Marinaccio: Due to the heavy demand, organizations are hiring IT professionals any way they can. Regarding contractors versus direct hires: as far as what is favored, I would not say that one is favored over another, but we have seen more direct-hire positions than contracts. I believe that is due to these corporations having large Linux/open source initiatives that are ongoing, so it is in their best interest to hire someone as an employee. With that being said, there are a number of contract opportunities as well. I think you will see this increase even more as the market matures.

What kind of contract opportunities are there for Linux pros?

Marinaccio: By Linux pros, I presume that you mean core Linux kernel developers. And yes, in their case, they are often brought on temporarily to solve short-term kernel issues.

Recently, it was reported that Novell plans to move 250 of its jobs to India. Outsourcing overseas continues to be a major concern among IT professionals. What is the effect of offshoring in the marketplace?

Marinaccio: It actually does not concern me all that much. Do jobs continue to be outsourced overseas? Of course they do. But I do not think it is as critical of an issue today as it was a few years ago. That primarily has to do with the rise in salaries in places like India, China, etc. So the cost savings is not there as much as it used to be. Instead of it being a labor-cost-reduction initiative, outsourcing creates, in my view, a talent initiative. The fact is that there are just not enough engineers in this country to meet the demand, so corporations are forced to look elsewhere to get the work done. We need to develop and bring in more engineers, and with open source, the beauty of it is that there are no barriers to entry. If you want to participate, you are welcome to. It is all a matter of how determined you are.

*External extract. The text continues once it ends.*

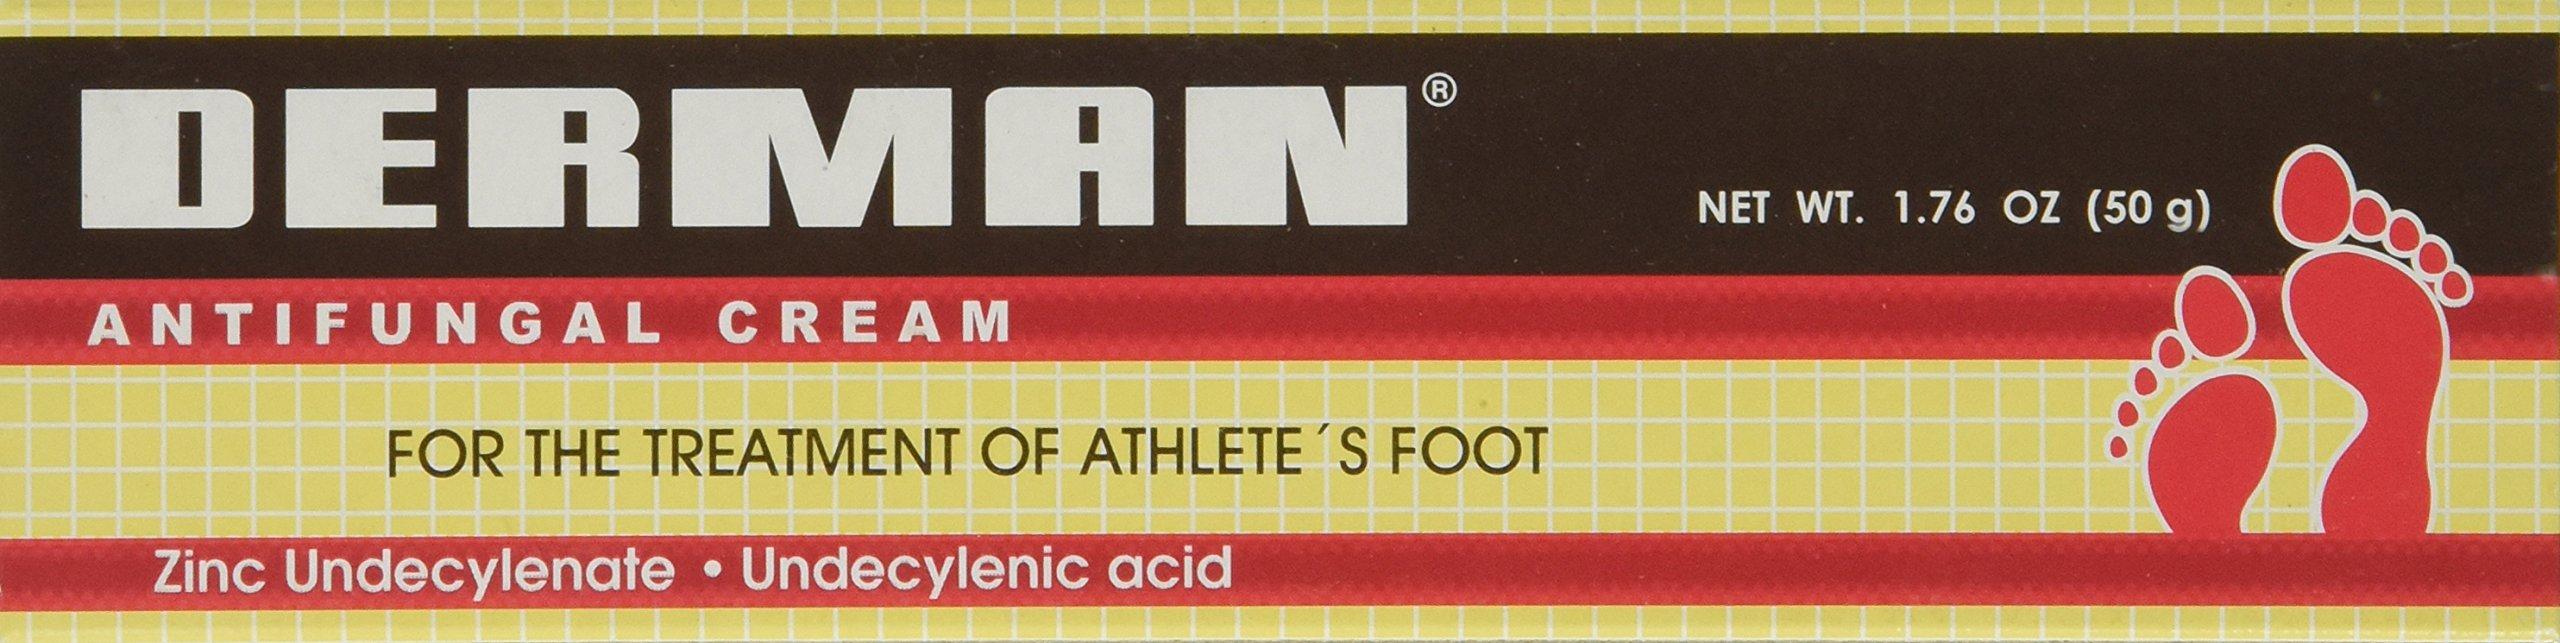 6pk - Derman - Antifungal Cream - 1.76oz
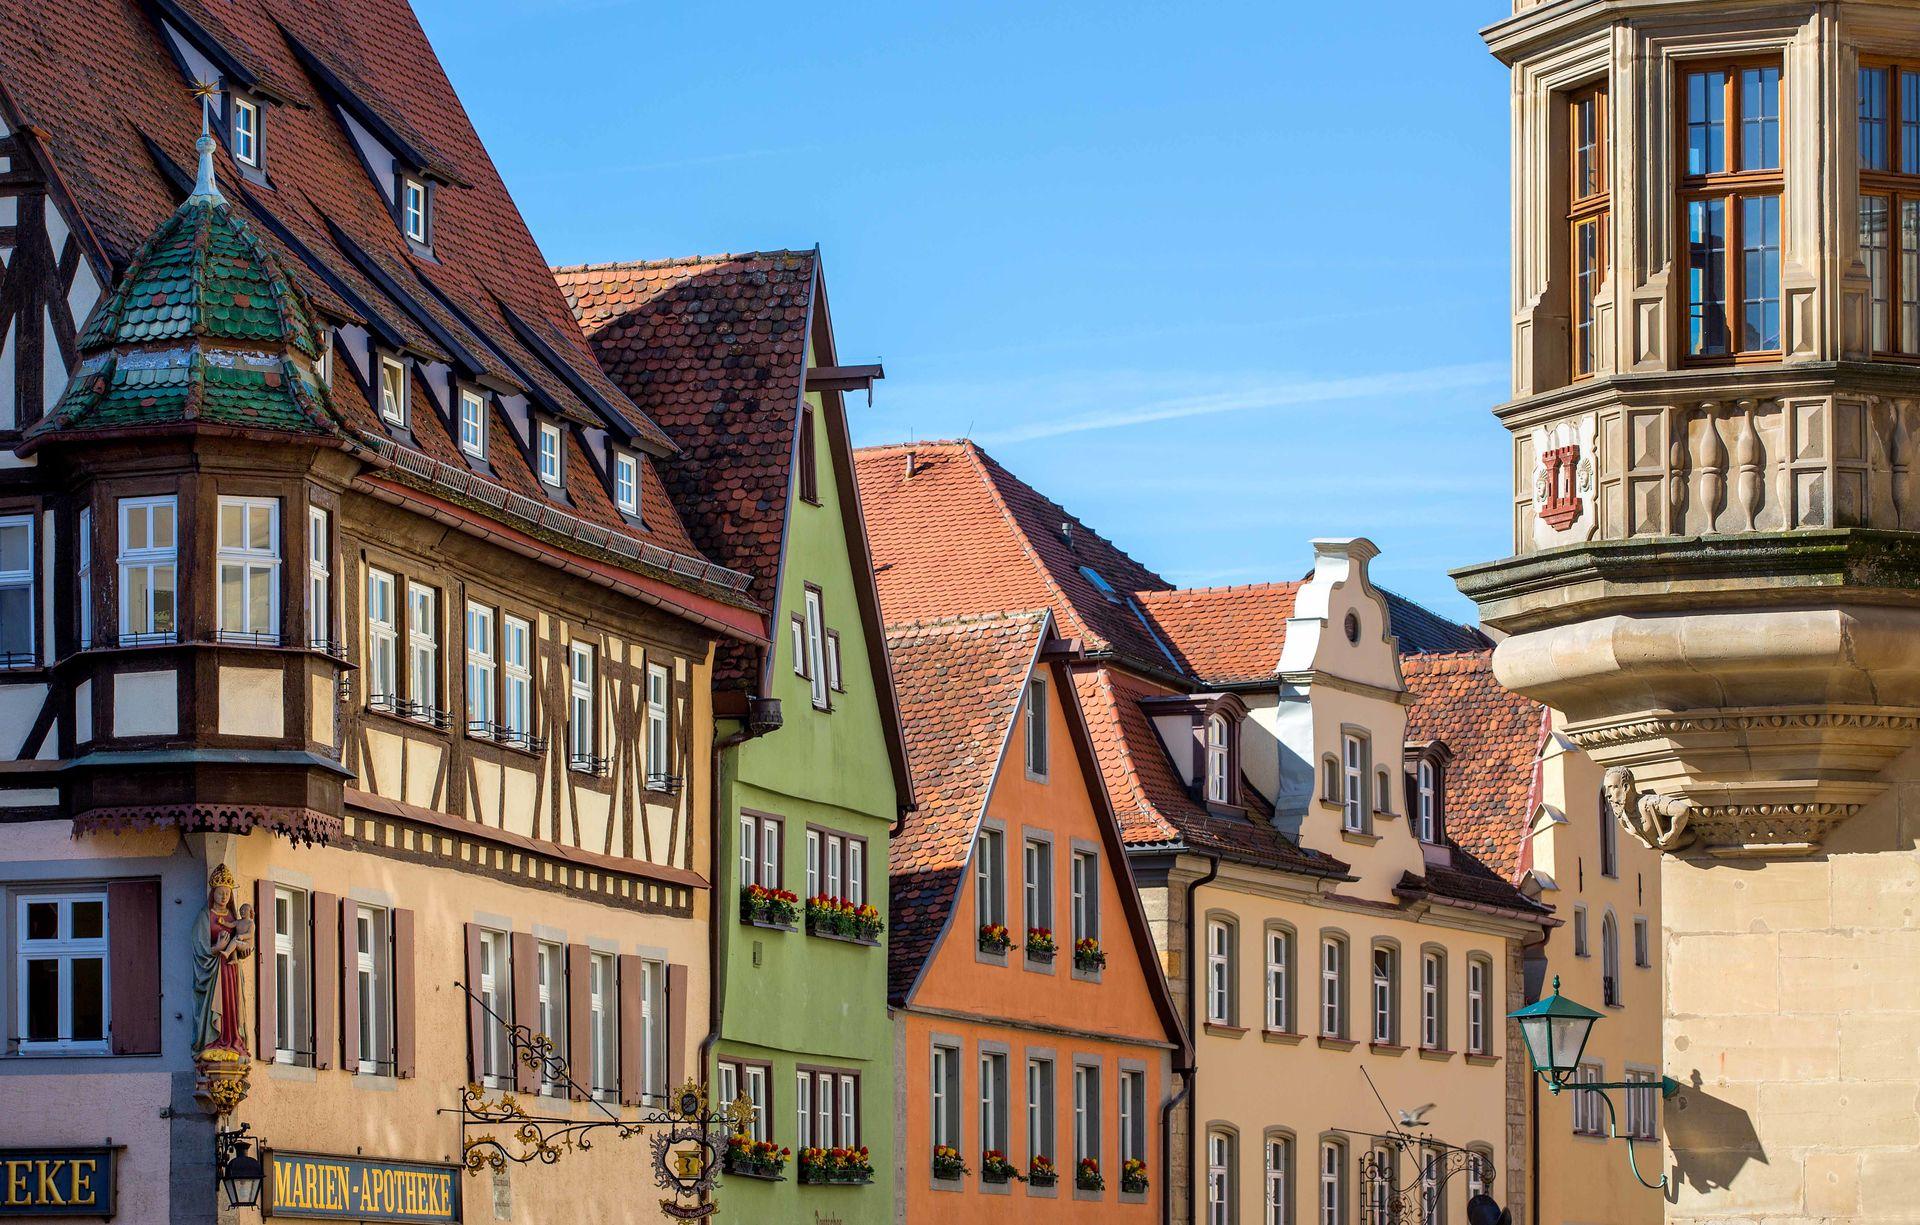 © Rothenburg Tourismus Service, W. Pfitzinger

In the U.S., are there cities or areas that are prime for Linux careers?

Marinaccio: As far as system administrators are concerned, the use of Linux is so widespread that I would hope that employers in a lot of cities have a need for administrators. Not surprisingly, most of our positions at HotLinuxJobs are in Silicon Valley. Outside of that, the major cities on the west coast are all pretty strong. Boston is definitely a strong city for kernel development on the east coast.

As far as up and coming cities are concerned, Portland (OR) comes to mind. They have done a good job of promoting open source. Seattle is another city that has gained momentum over the years. Cities like Austin use to have a lot of Linux based startups, but we have not seen that come back fully since the correction.

However, if we can get companies to reconsider their telecommute policies, I think this will be a moot point in a number of years.

Which industries do you see using Linux?

Marinaccio: There are a number of industries that stand out for their early adoption and interest in open source, the financial industry being first and foremost. They were an early adopter and continue to be a leader. The energy sector is another that has utilized open source software to a large degree. The pharmaceutical industry is another consistent adopter of open source software.

These are just some of your early adopters. But we are seeing everything from large enterprises to mom-and-pop businesses using Linux. It is slowly but surely showing up everywhere.

That sounds optimistic. Over the next few years, which kinds of skills do you expect to be in demand?

Marinaccio: As far as what is going to be in demand in the next few years, I would say all of the above. Sure, there are some areas that will see more growth than others on a relative basis. For instance, we have seen a significant rise in the need for Ruby on Rails developers. In addition, virtualization is a very hot area and that will continue. The need for Linux kernel-related engineers and system administrators continues at a nice pace as adoption grows. I know I mentioned it before, but we have not seen any decrease in demand. So if you are involved with open source software, just continue to strive to get better in the area in which you find the most satisfaction.

Thanks for the advice, Brent. The future looks bright for Linux. Anything else you want to tell our readers?

Marinaccio: Don't worry about getting an MCSE, Linux is where it's at right now.